2) The vitrinite content and vitrinite to inertinite ratio of the Taiyuan and Shanxi coal seams both reach their highest values in the southeastern margin of the basin. The vitrinite contents decrease from south to north, whereas the inertinite contents increase from south to north due to the spatial variation of the sedimentary environment. The average sulfur content of the No. 15 coal seam is much higher than that of the No. 3 seam, and the ash yield of seam No. 15 decreases northwards, while the highest ash content of seam No. 3 is located in the south-central basin.
3) The variation in gas content is closely related to lithology and the thickness of the surrounding rock. Six types of surrounding rocks in the Taiyuan Formation and two types of surrounding rocks in the Shanxi Formation were identified. In terms of the Taiyuan Formation, coals in the delta plain environment have the best sealing conditions with the greatest thicknesses of mudstone, whereas coals in the carbonate platform environment have the poorest sealing conditions with the largest thicknesses of limestone. For the Shanxi Formation, due to more fine-grained sediments, coals in the delta front environment have a better sealing ability than those in the delta plain environment.

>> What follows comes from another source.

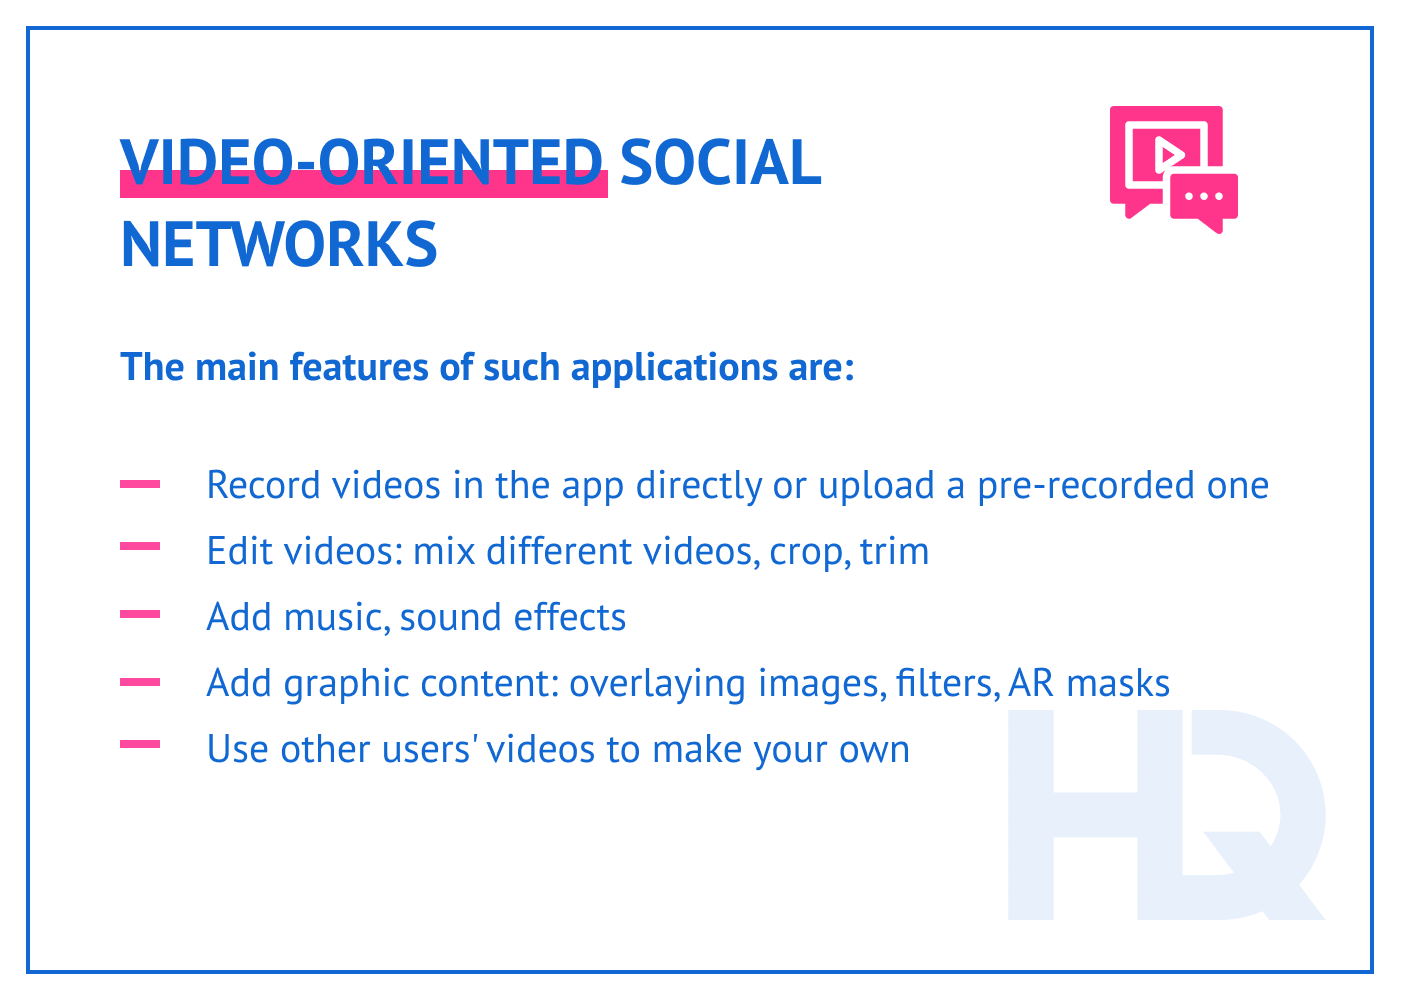 Video-oriented social networks features.

4) At similar burial depths within the Taiyuan coal seams, the gas content values decrease in order from a lower delta plain setting, a delta front setting, and a carbonate platform setting. Generally, the gas contents of Shanxi coals in the delta front facies are higher than those in the lower delta plain facies. The CBM enrichment areas tend to be located in zones of undeveloped limestone and well-developed mudstone. Therefore, combined with coal thickness and gas content analysis, coal seams located in the north-central basin of the Taiyuan Formation and in the southern basin of the Shanxi Formation are suggested as favorable areas for CBM exploration.